### WHAT YOU NEED TO DO
Give back only the line containing "Nárast ponúk na Platforme Trans.eu" and every line after it through the end of the data below, transcribed exactly.

### DATA BLOCK
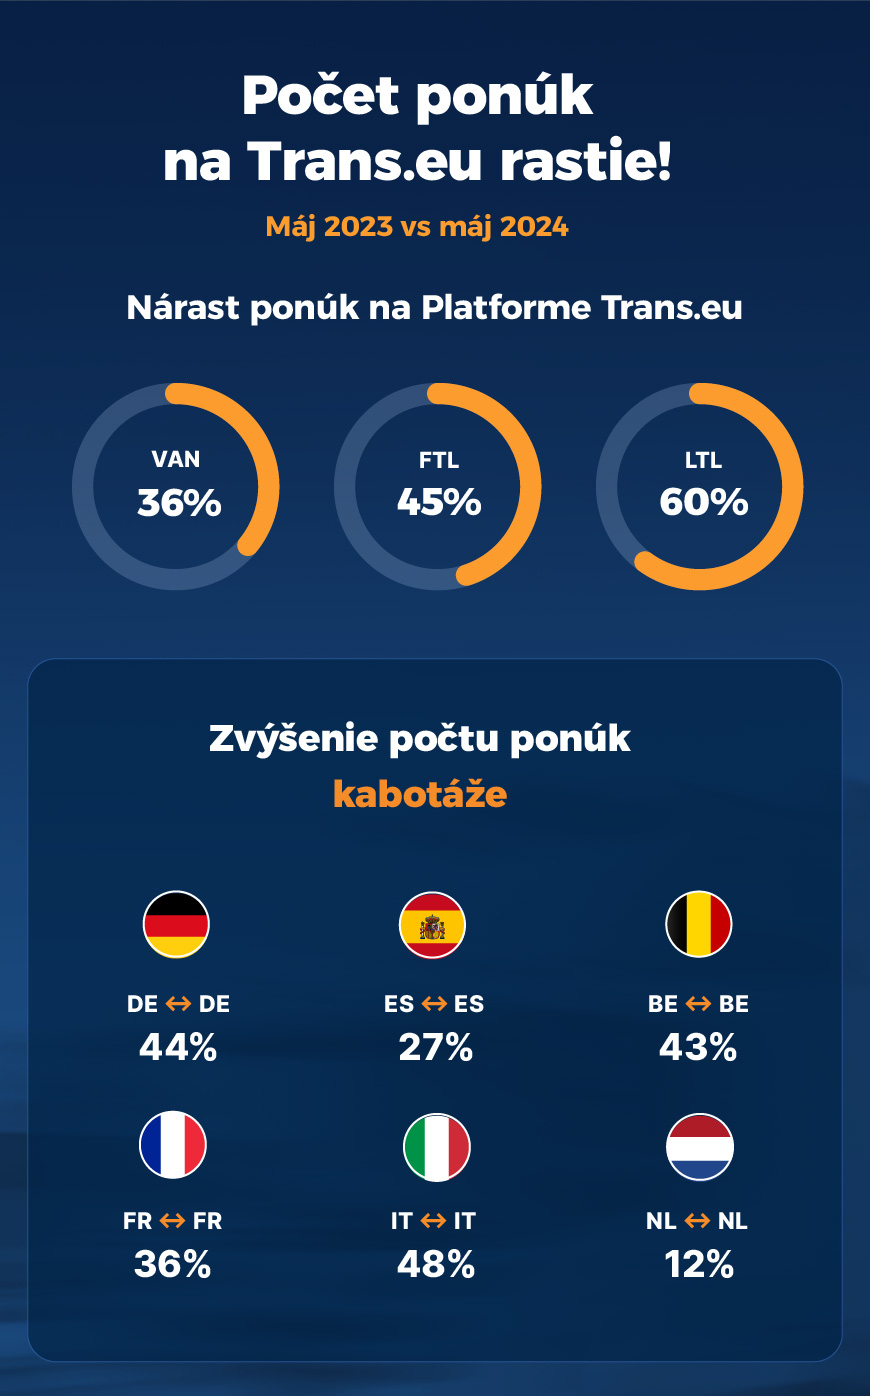 Počet ponúk na Trans.eu rastie!
Nárast ponúk na Platforme Trans.eu
Zvýšenie počtu ponúk kabotáže

### COMPLETED TASK
Nárast ponúk na Platforme Trans.eu
Zvýšenie počtu ponúk kabotáže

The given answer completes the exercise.